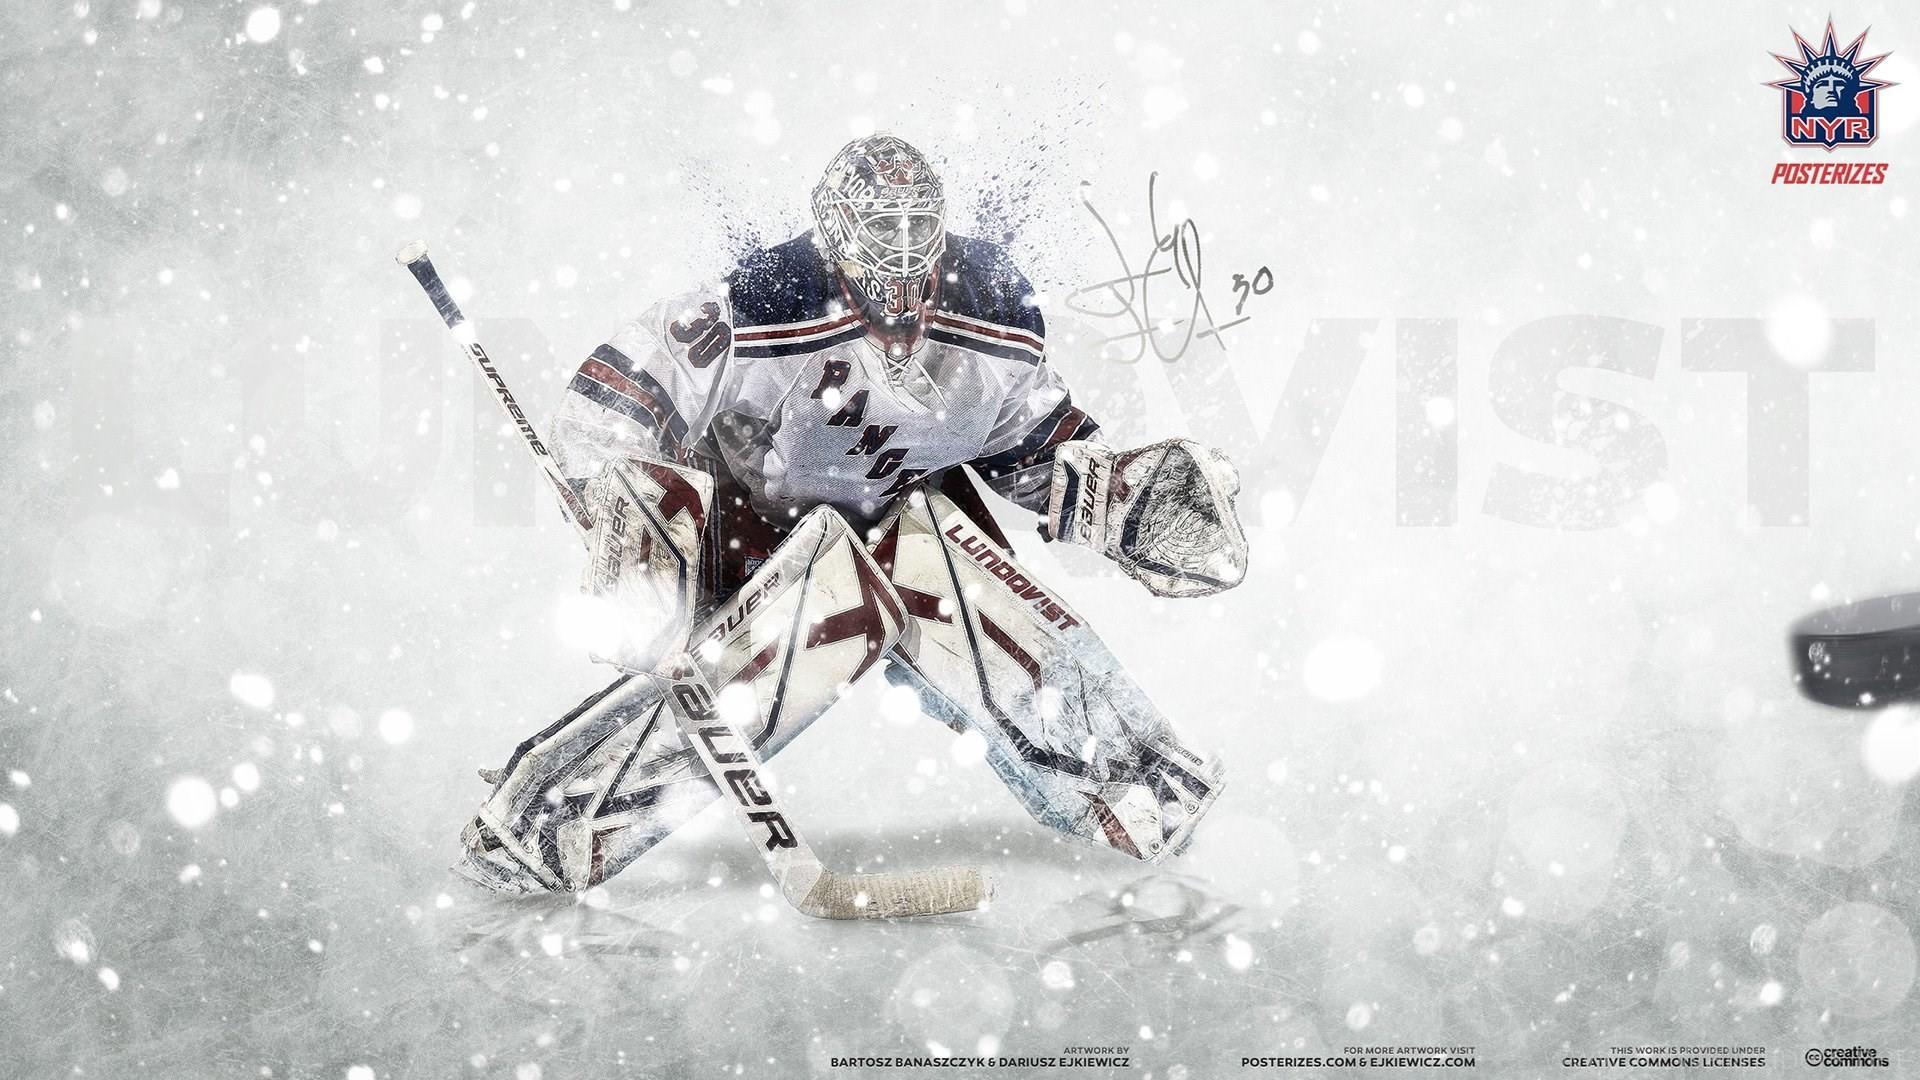 Wallpapers Nhl Goalie Henrik Lundqvist New York Rangers .
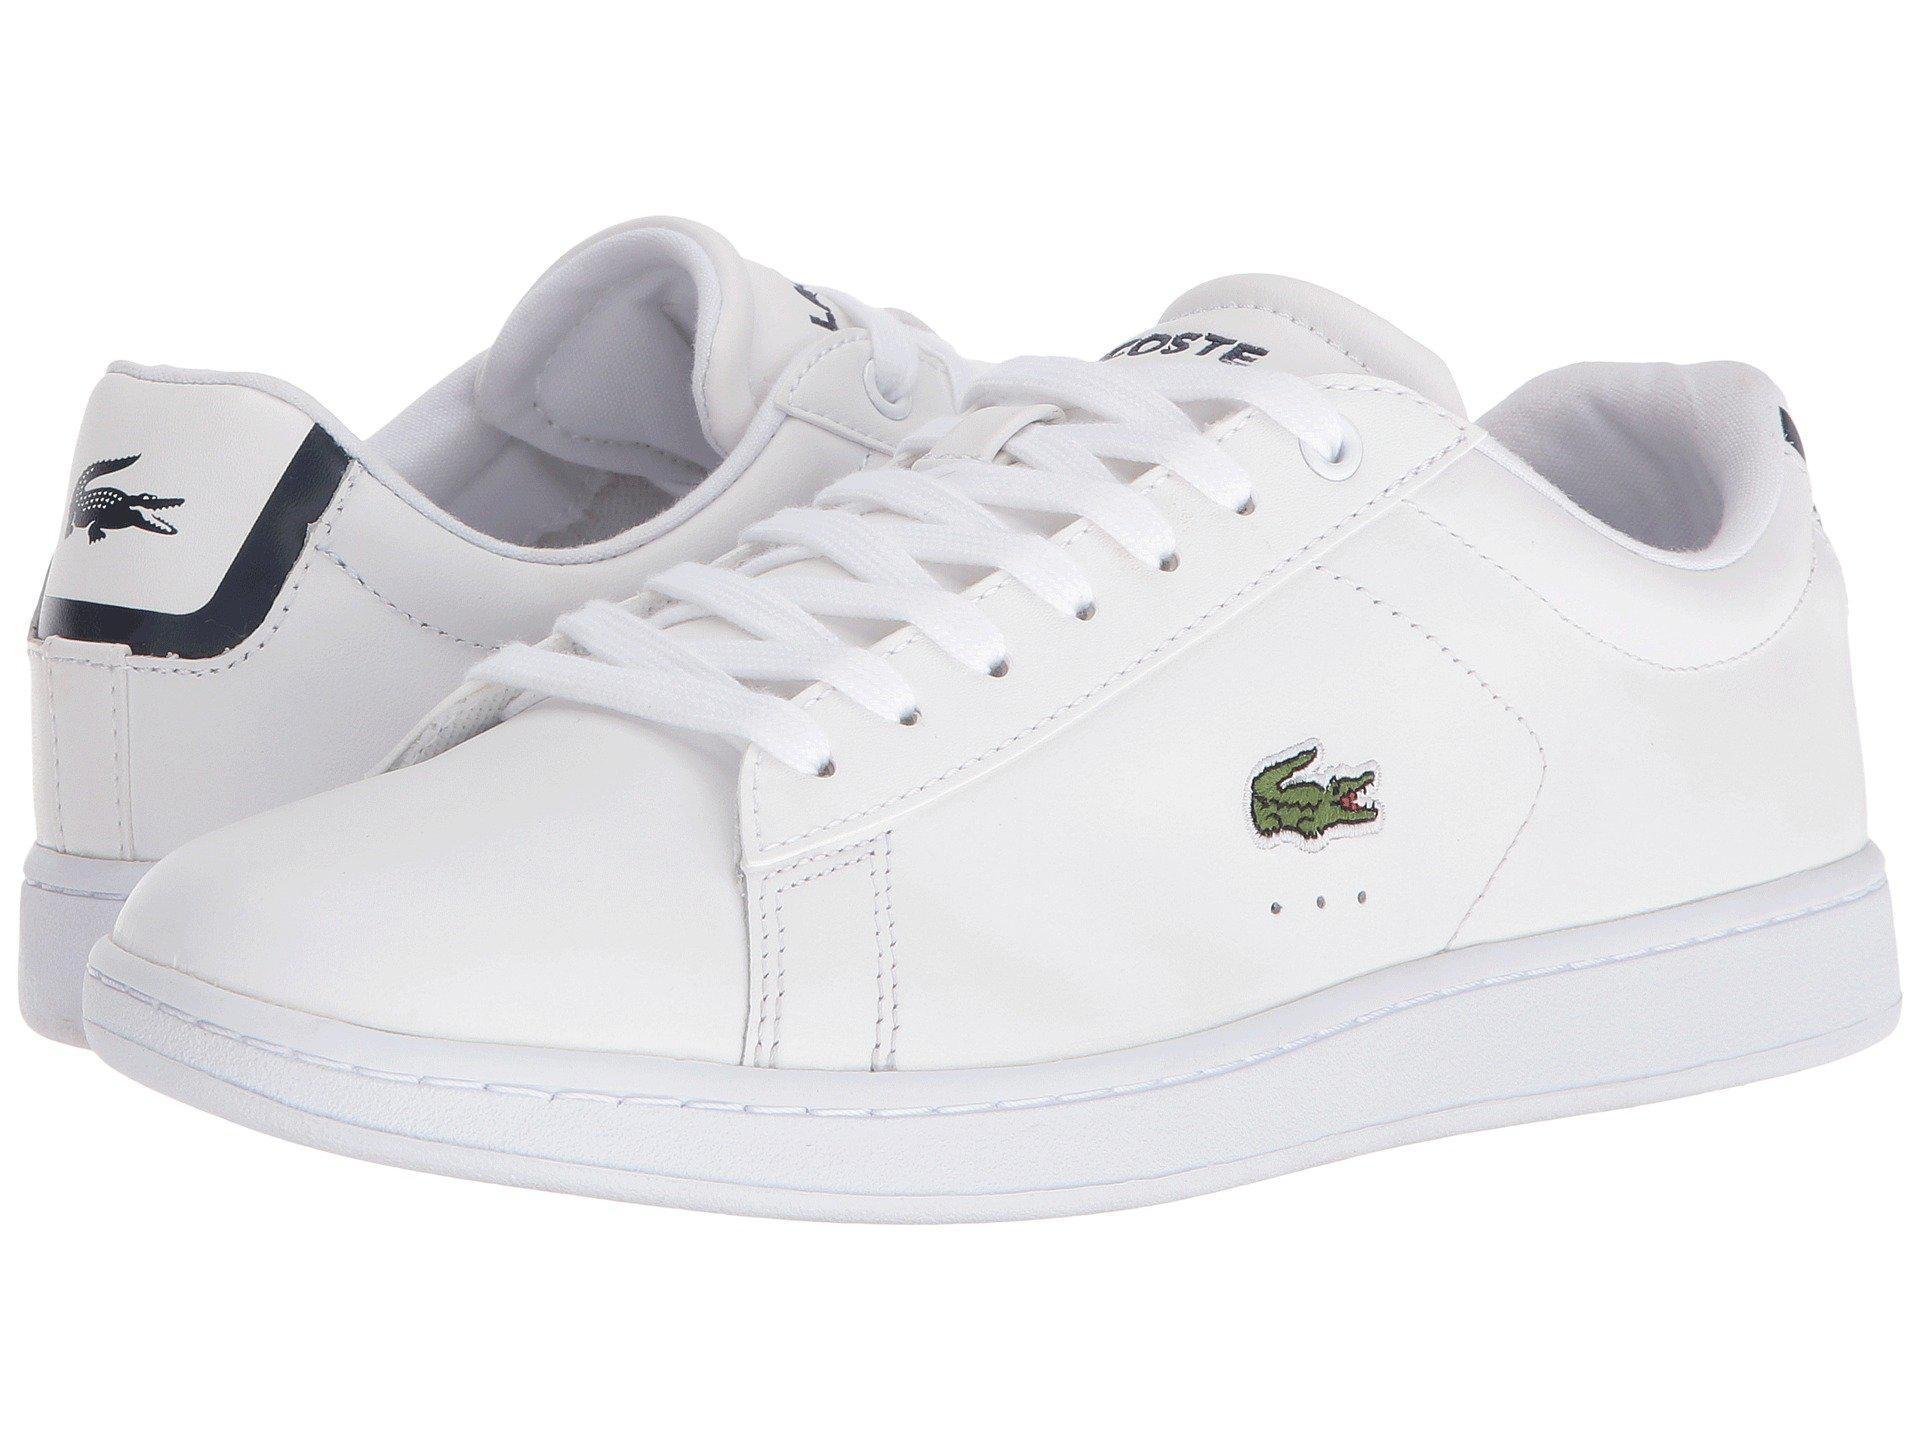 02fdf186eca607 Lyst - Lacoste Carnaby Evo Bl 1 (navy) Women s Shoes in White
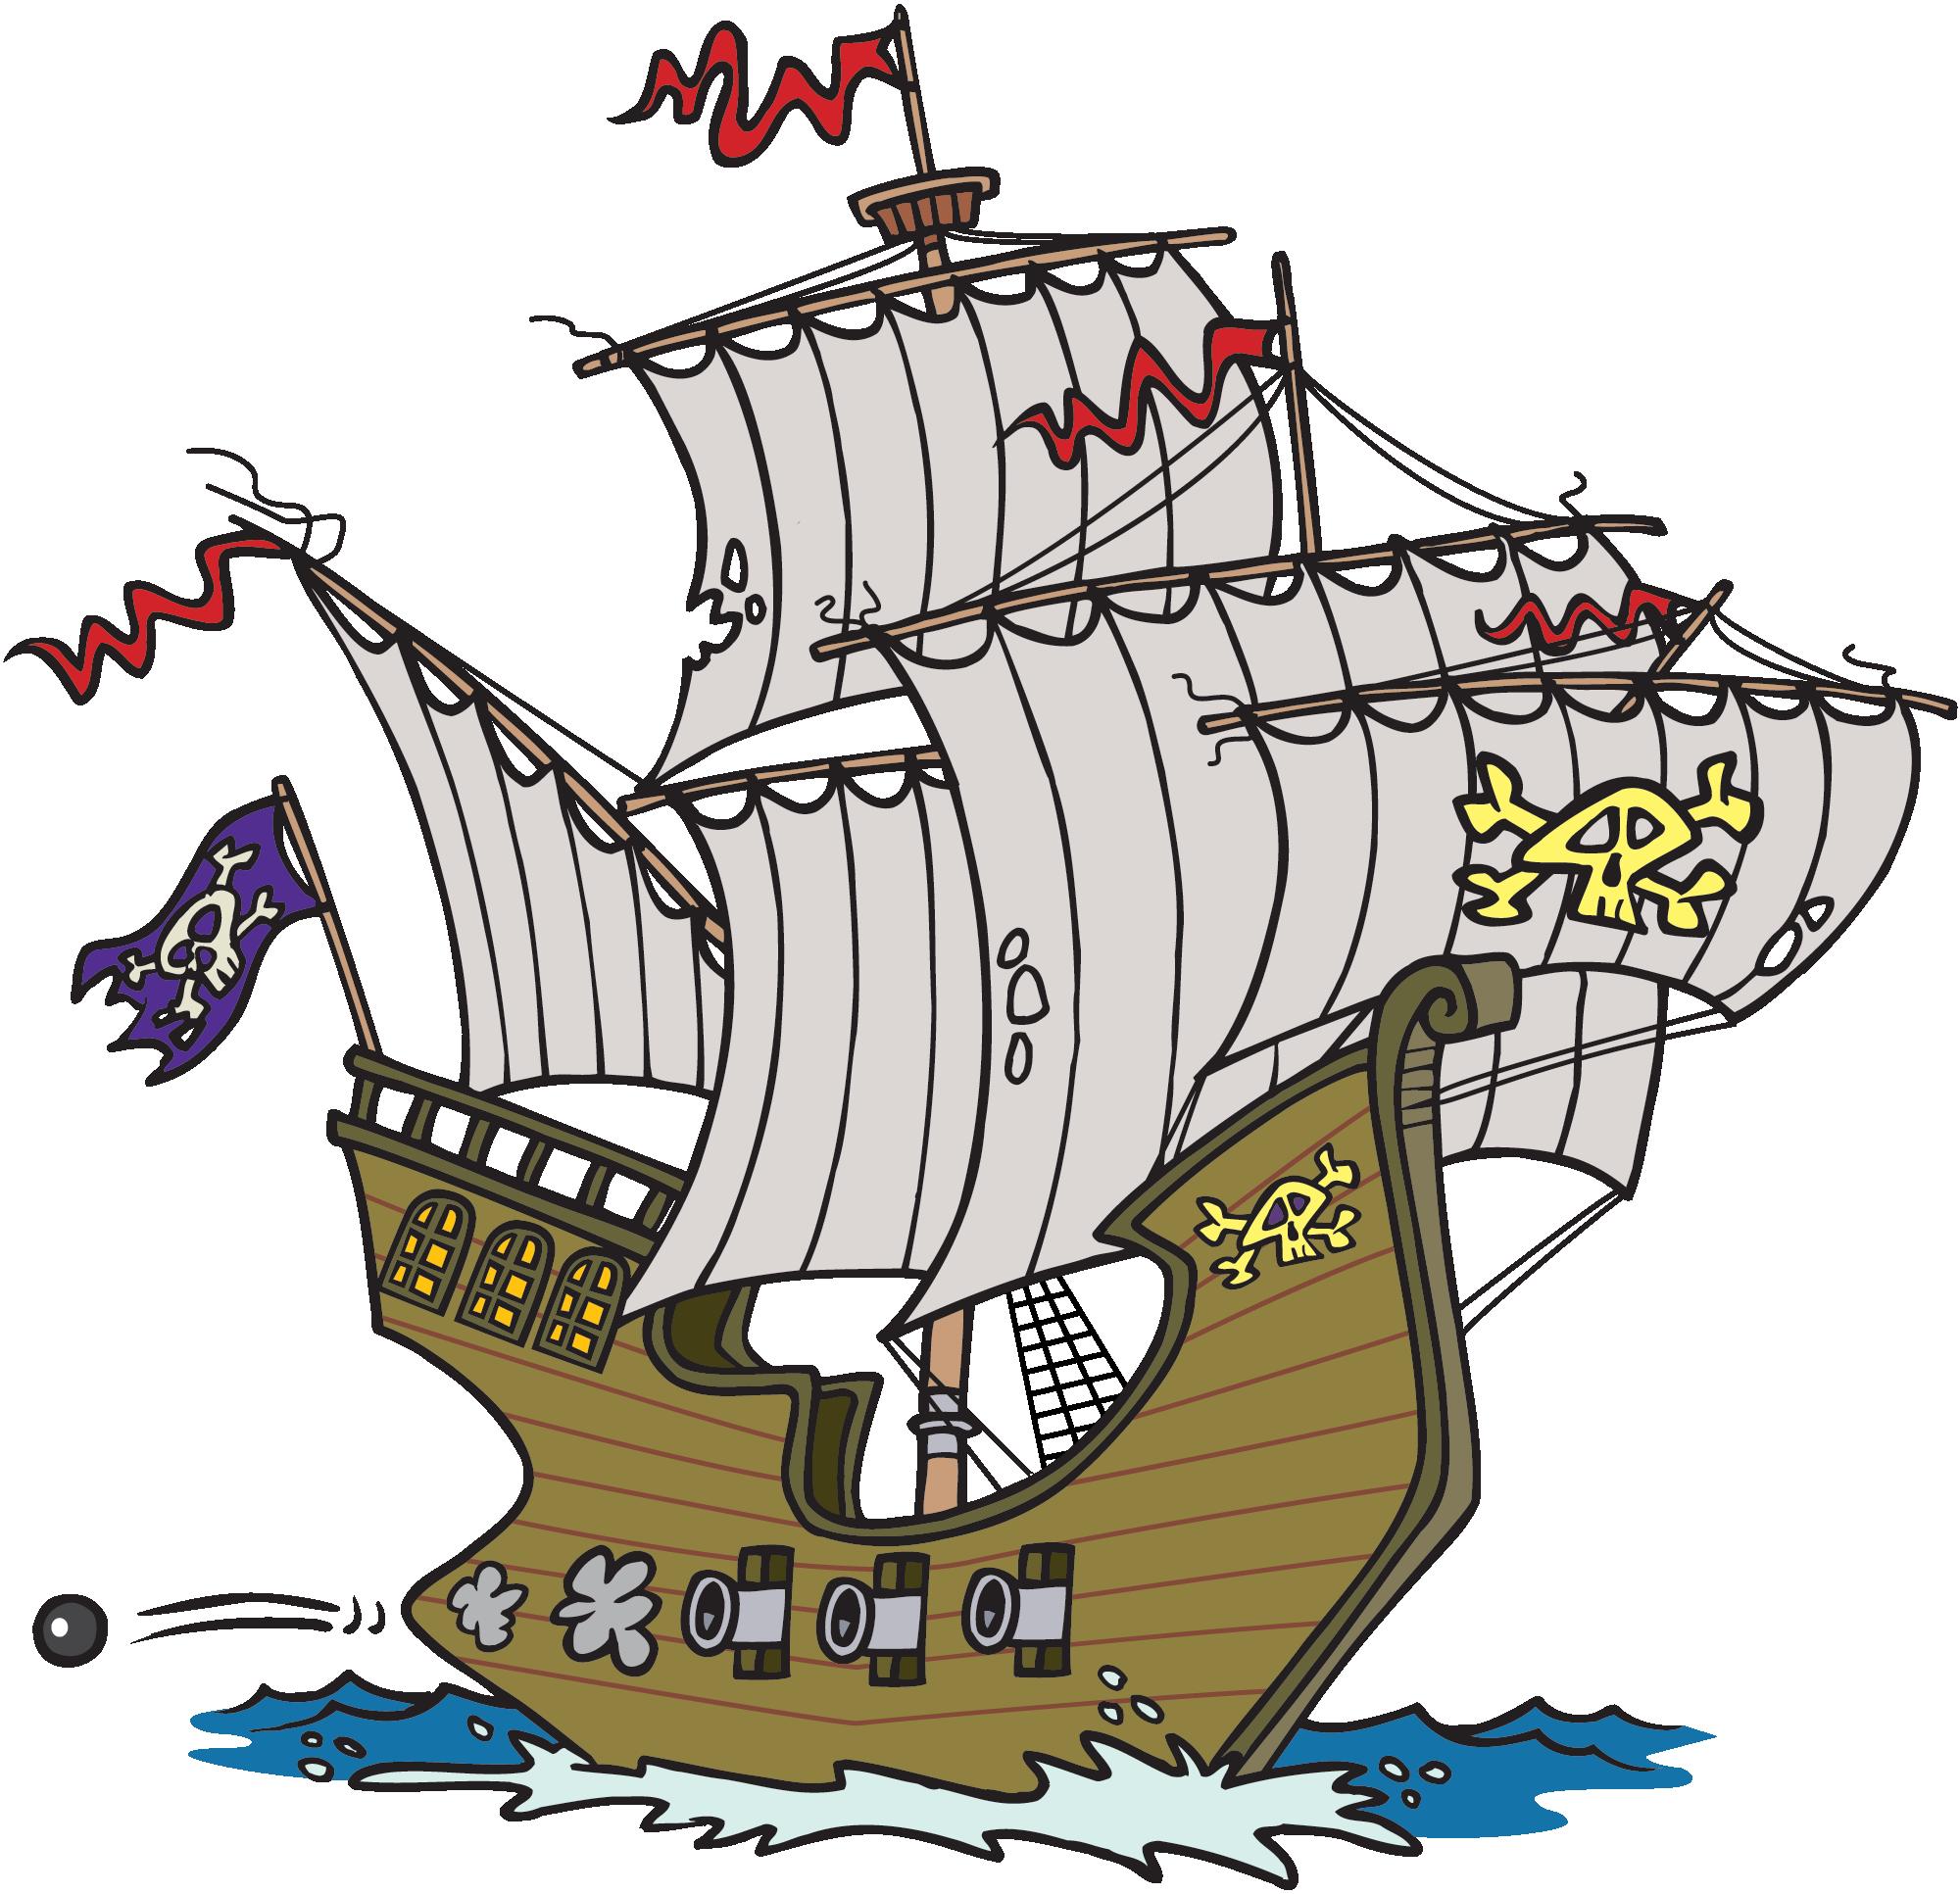 Mayflower clipart sail boat. Cartoon ship pirate rjjnxg

WORK INSTRUCTIONS:
All of the data above must be printed exactly, minus its pictures.

RESPONSE:
 Wallpapers Nhl Goalie Henrik Lundqvist New York Rangers .
 02fdf186eca607 Lyst - Lacoste Carnaby Evo Bl 1 (navy) Women s Shoes in White
 Mayflower clipart sail boat. Cartoon ship pirate rjjnxg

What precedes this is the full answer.